Three Goofy Stories book cover

When the lady of the brownstone dropped dead at her own party, the same party where I worked for the caterer, naturally I feared I was to blame.

Blame is a word that flies round circles here in D.C. like lightning and thunder claps back at Atlantica Wizard School, my alma mater where the fear of the possibility of my fault actually began.

Strangled, the coroner’s report later would claim, with her own pantyhose. Oh-ho! So that would be the official story? Washington hanky-pank sounded better on the books than death by derailed flour. Easier to believe, too, than what really happened, even though reality is only a definition of one’s perspective. Still, I couldn’t help wondering why on earth’s oceans anyone would interfere on my behalf.

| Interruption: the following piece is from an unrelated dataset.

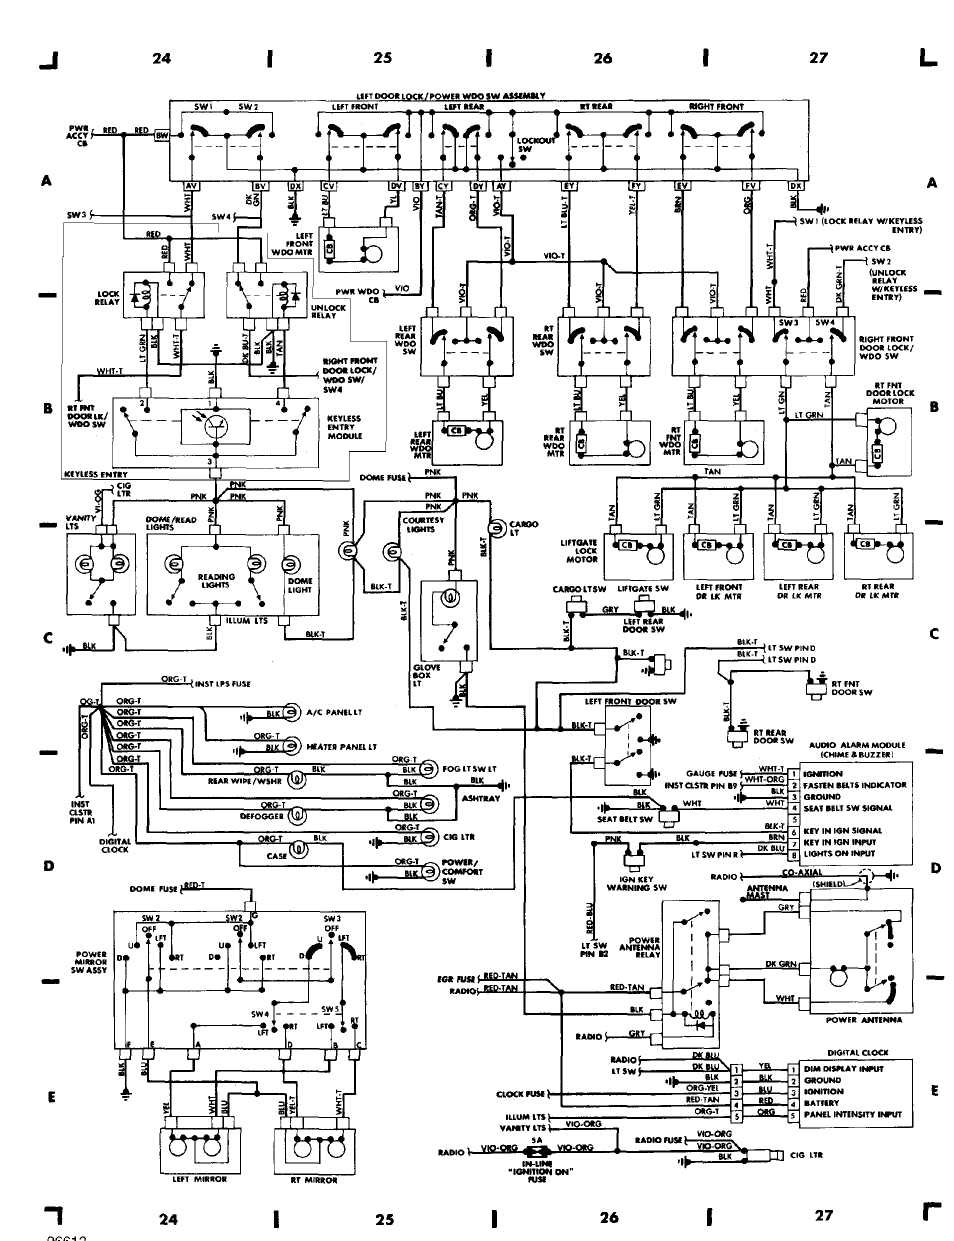 Jeep Engine Diagram | Schematic Diagram - 1995 Jeep Cherokee Wiring Diagram

It all began back at AWS, when I flew up to take my oath and receive my graduation hat. My head was full of trivia – history, principles, theory, and the science of magic. 

“Felicity Flour,” the master trolled in his solemn voice that generated ten-foot swells beneath a backdrop of lightning, “do you swear to uphold the three laws of wizardry?”

“I do,” I murmured amidst thunder claps breaking in the distance.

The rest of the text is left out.